Autoroute 410 (or A-410) is a short peri-urban multilane highway in Sherbrooke, Quebec. It is currently a branch from Autoroute 10 (Autoroute des Cantons-de-l'Est) to its terminus east of Lennoxville. The road was named for Jacques O'Bready, the former mayor of Sherbrooke and president of the Commission municipale du Québec, in March 2007. Before then, the road was known as the Autoroute University.

==History==
The initial segment was opened from A-10 to Boulevard Bourque (Route 112) in 1971 as a two-lane freeway. The route was opened to Boulevard de l'Université in 1978, and the entire A-410 became a 4-lane divided highway in 1981.
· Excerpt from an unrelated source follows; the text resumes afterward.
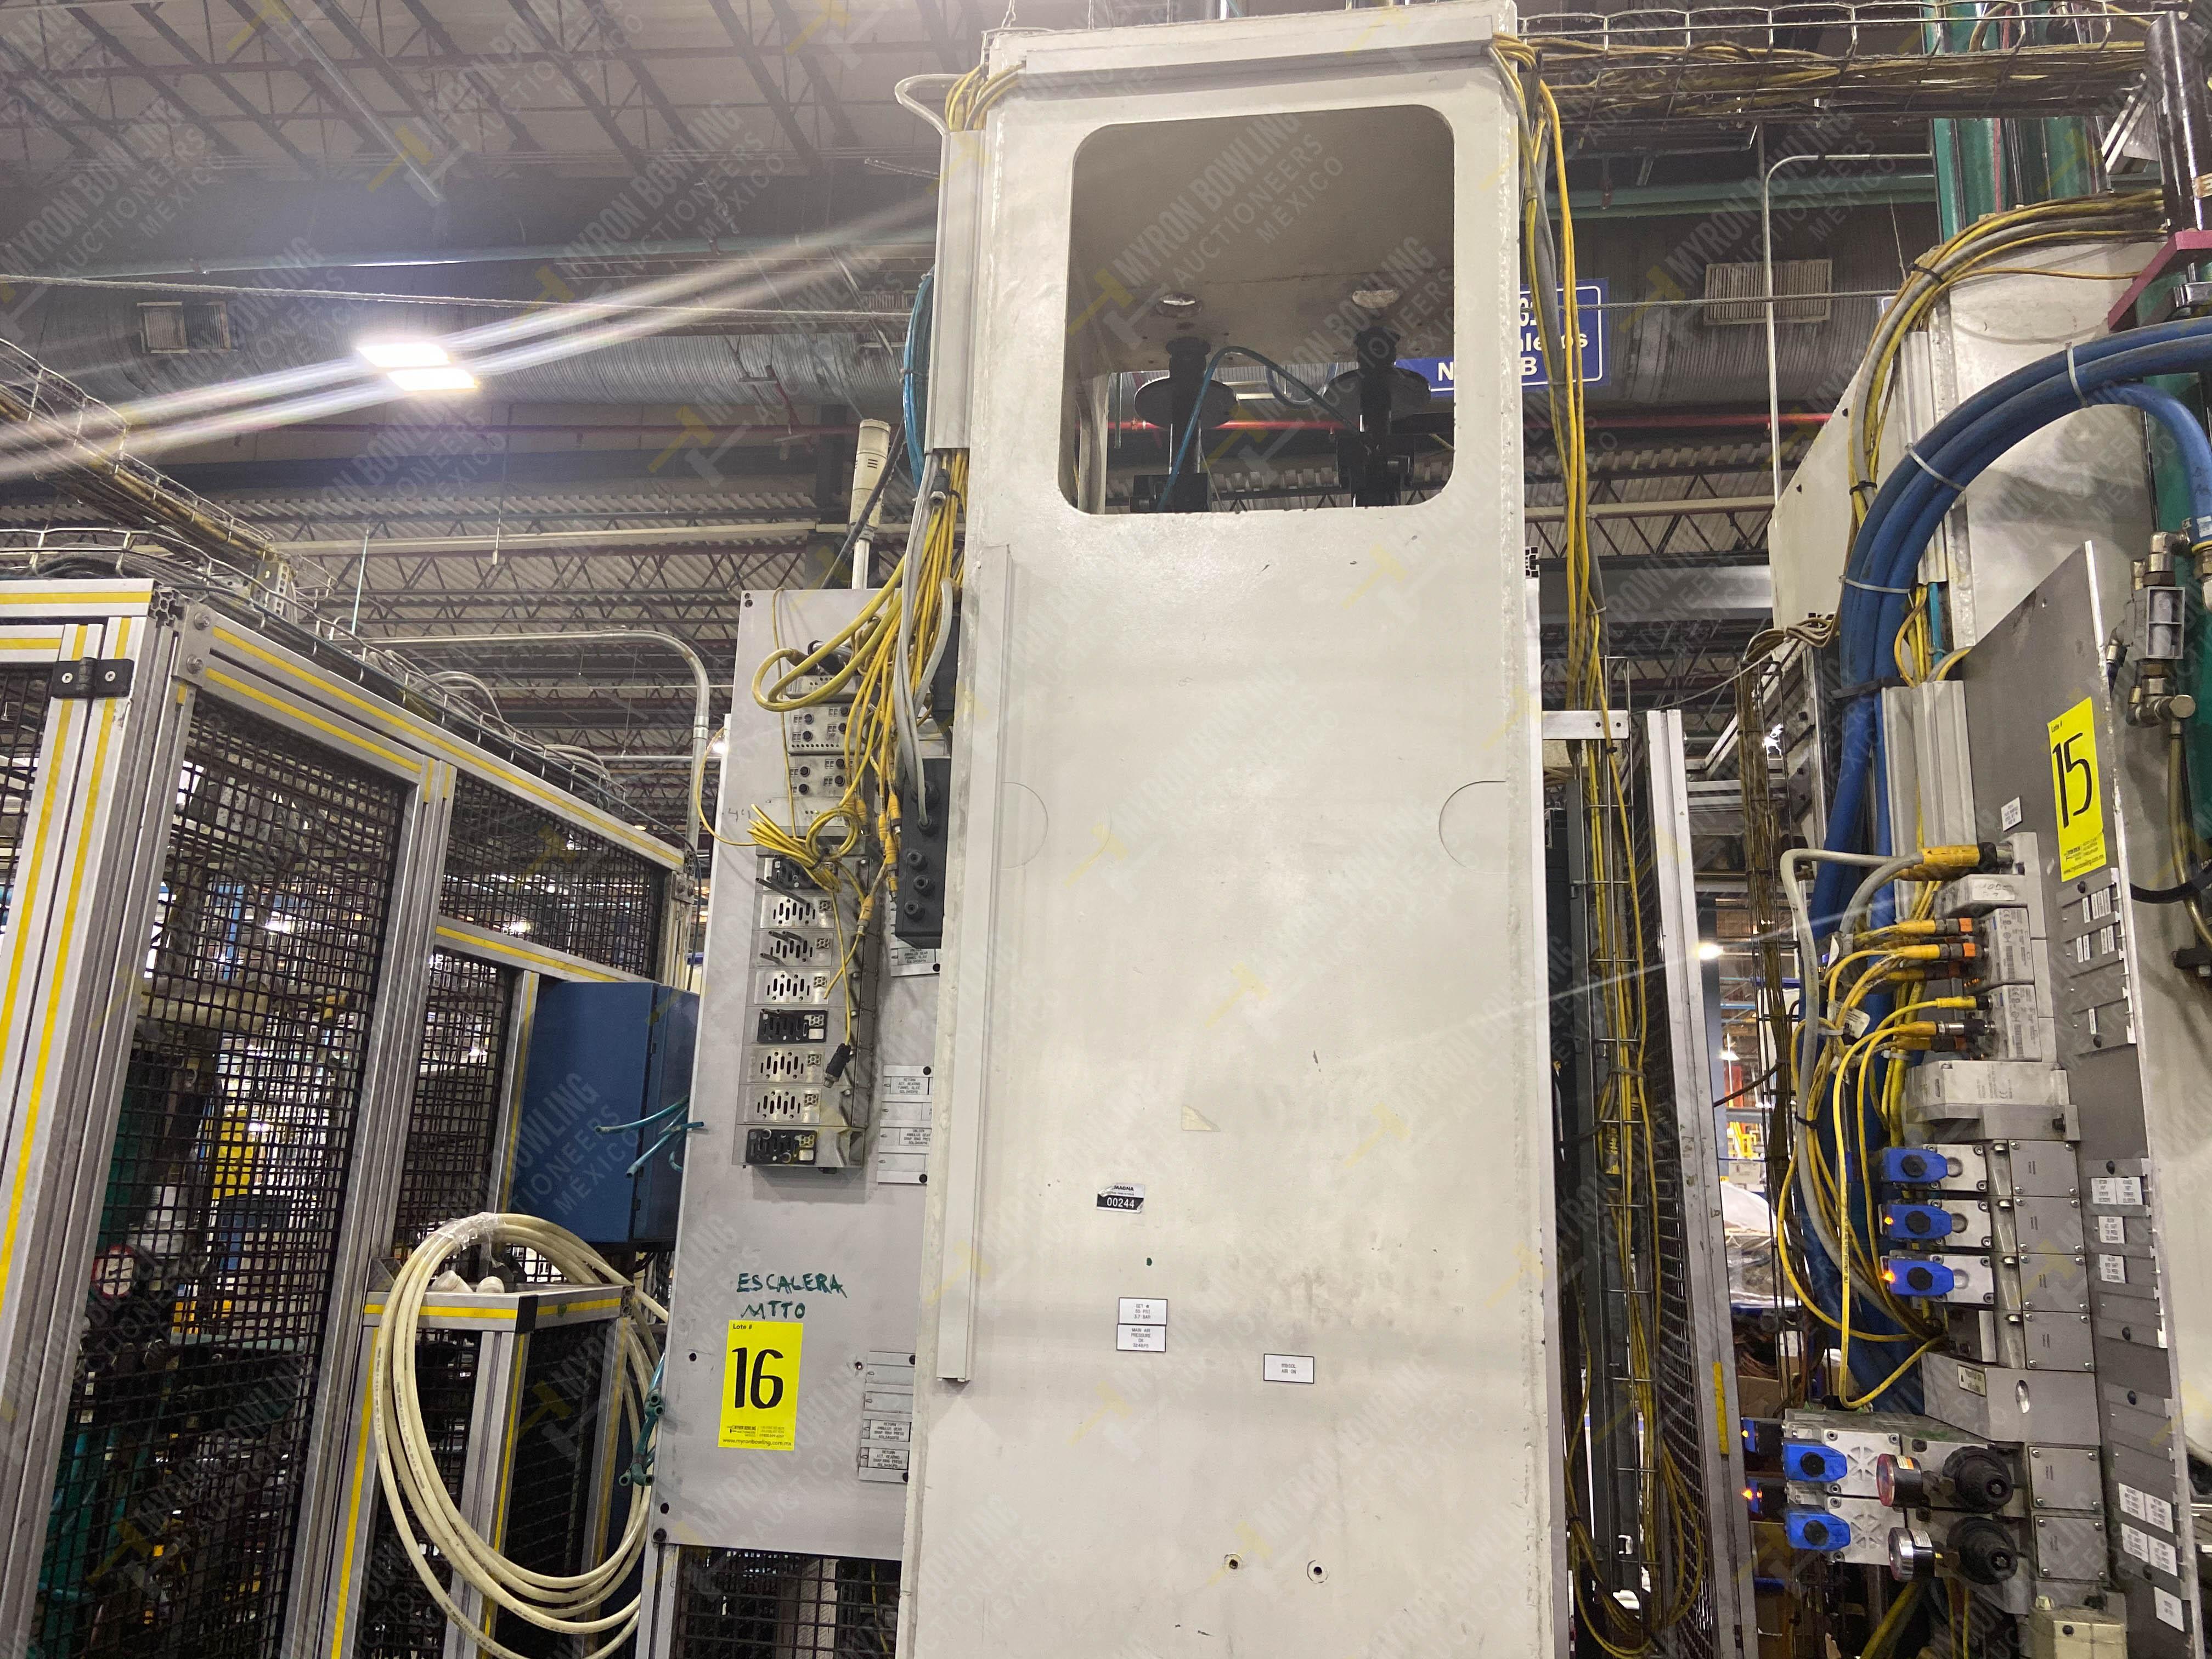 Estación semiautomática para operación 305D, contiene: Prensa tipo cuello de ganso con dos cilindros - Image 9 of 20
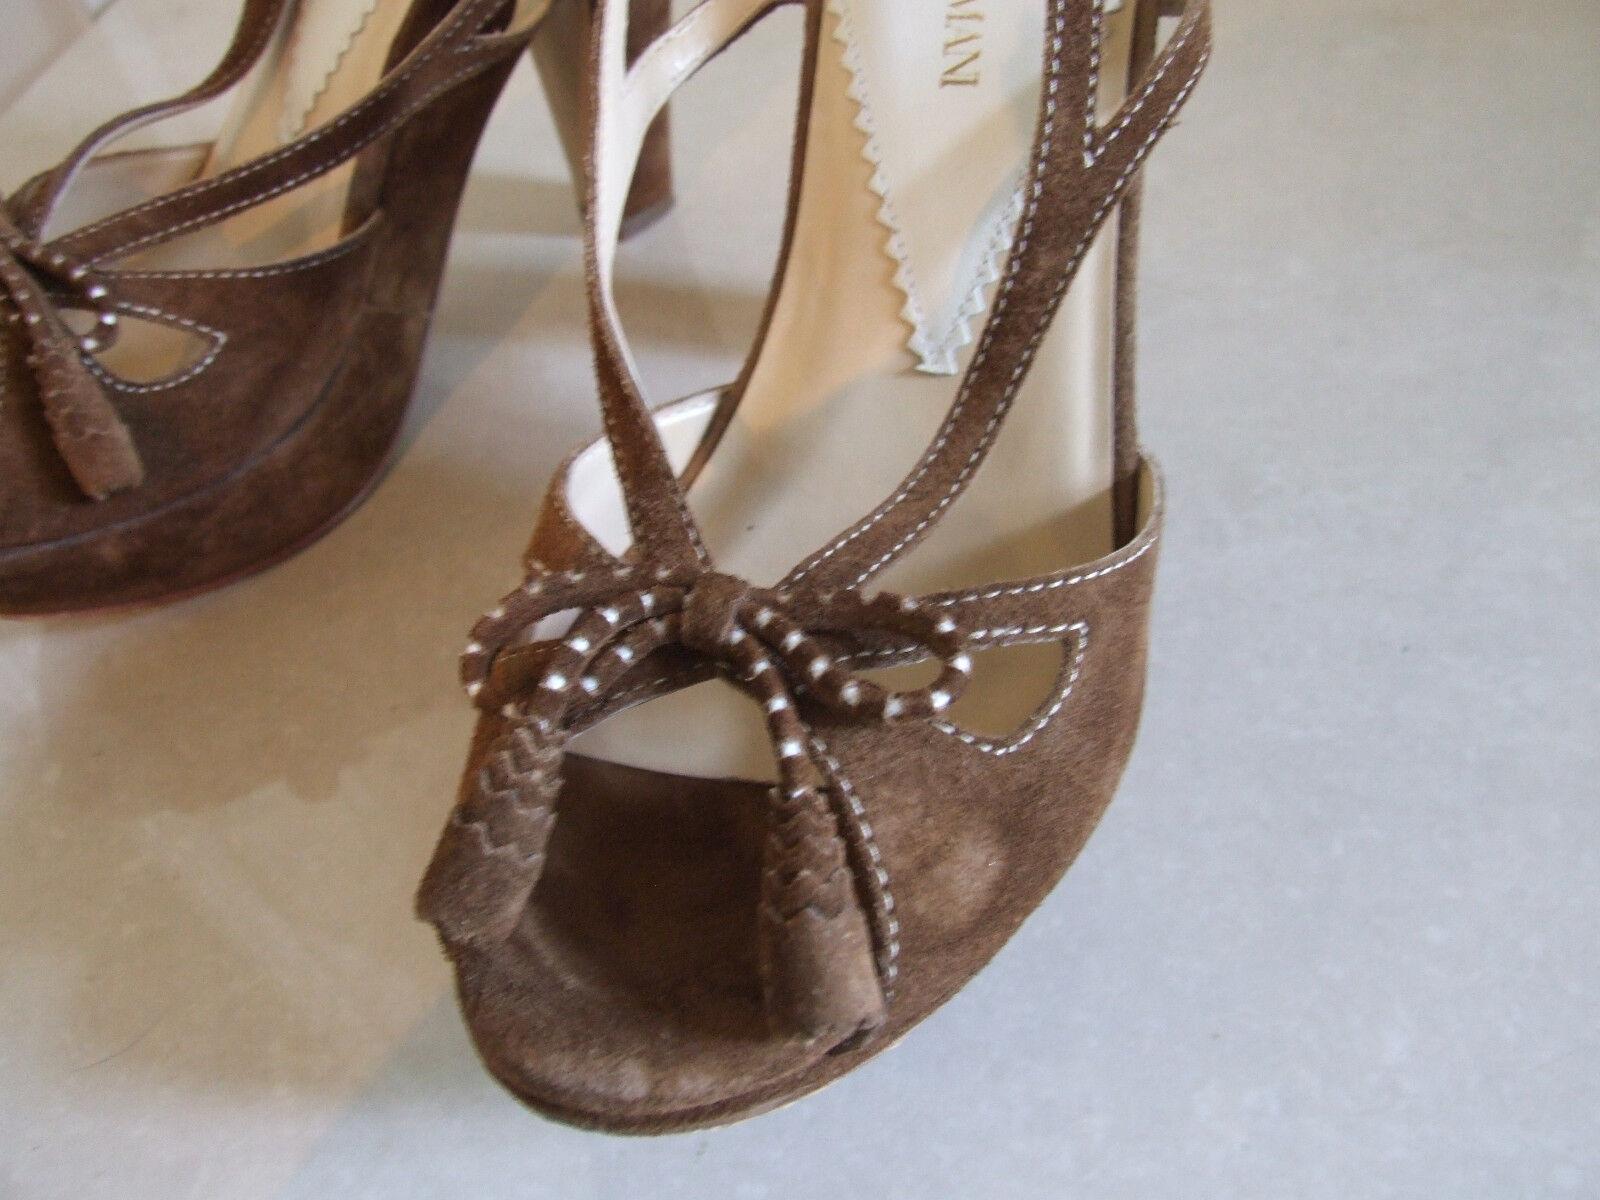 Giorgio Armani Classic Braun Suede High Heels 5 Slingback Stiletto Sandales Schuhes 5 Heels 2a1bd6

In May 2009, work started on Phase 1 of the A-410 extension to Lennoxville. An interchange was built over Boulevard de l'Université, another over Belvédère Street, south of Mont-Bellevue and the last one at R-108/R-143 south of Lennoxville. The project was expected to be completed in 2014. Due to delays, the Belvédère Street interchange was opened in November 2014, with the 108/143 interchange opened in November 2015.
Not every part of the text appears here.